E-mail: kiryu-h AT aist.go.jp
License:
The source files in ./src/vienna/ directory
contain the energy parameters extracted
from the Vienna RNA package (version 1.5) (see Reference below)
Please follow ./src/vienna/COPYING file,
which describes the copyright notice of the Vienna RNA package.
The other part of the source codes is provided as free software.
They are distributed in the hope that they will be useful
but WITHOUT ANY WARRANTY; without even the implied warranty of
MERCHANTABILITY or FITNESS FOR A PARTICULAR PURPOSE.
Permission is granted for research, educational, and commercial use
and modification so long as
1) the package and any derived works are not
redistributed for any fee, other than media costs,
2) proper credit is given to the author and the
Computational Biology Research Center, AIST, Japan.
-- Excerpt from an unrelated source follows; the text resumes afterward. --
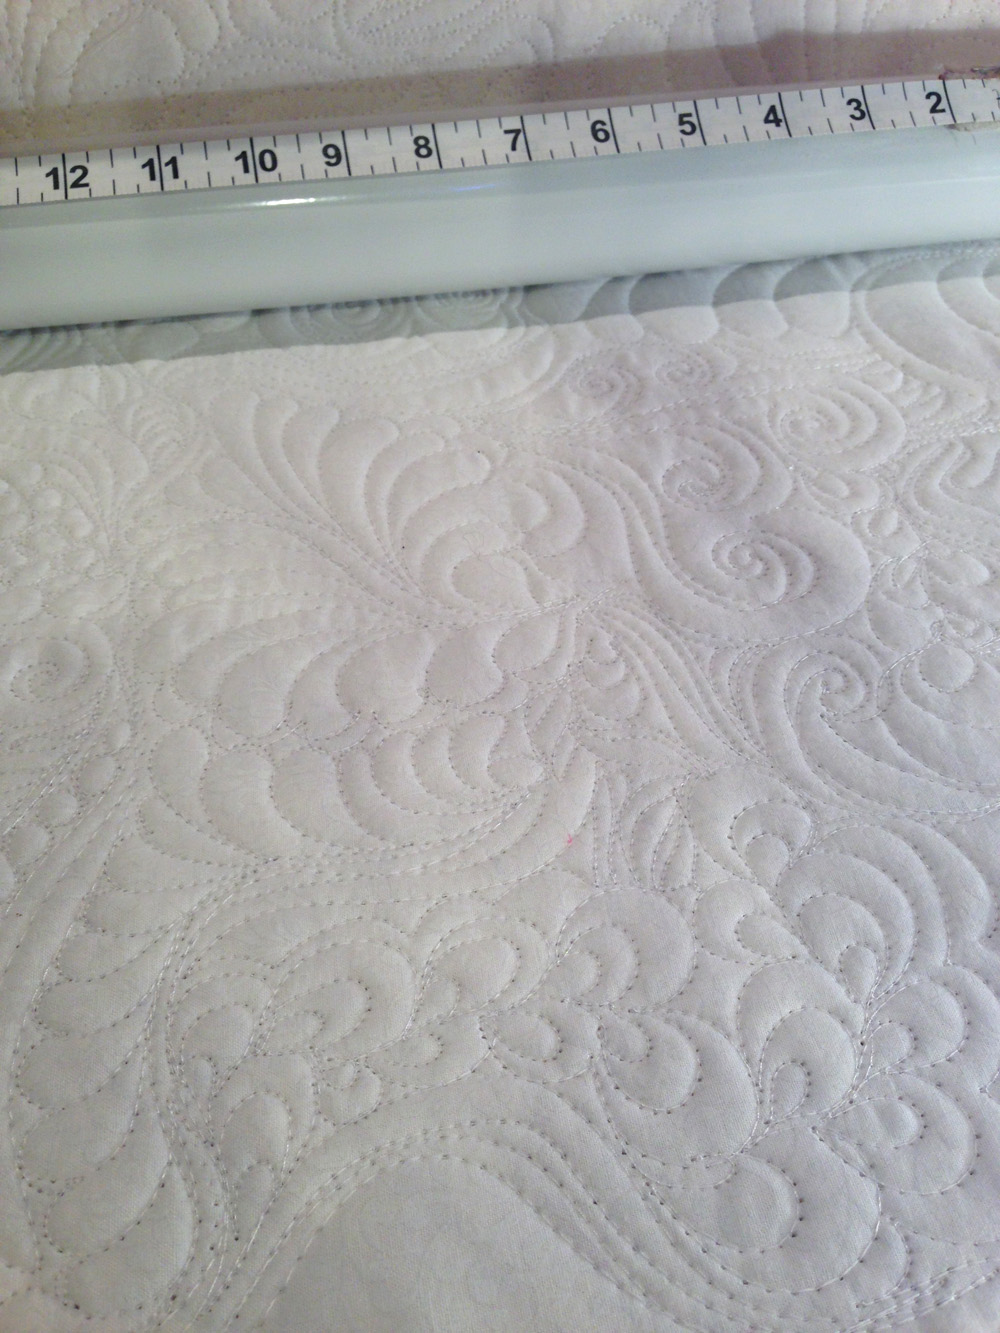 Here is some of my practice work using the McTavishing technique on my longarm.

If you want to include this software in a commercial product, please contact
the author.
Citation:
Rfold: An exact algorithm for computing local base pairing probabilities
Hisanori Kiryu; Taishin Kin; Kiyoshi Asai
Bioinformatics 2007; doi: 10.1093/bioinformatics/btm591
Reference:
Hofacker, I. (2003) Vienna RNA secondary structure server.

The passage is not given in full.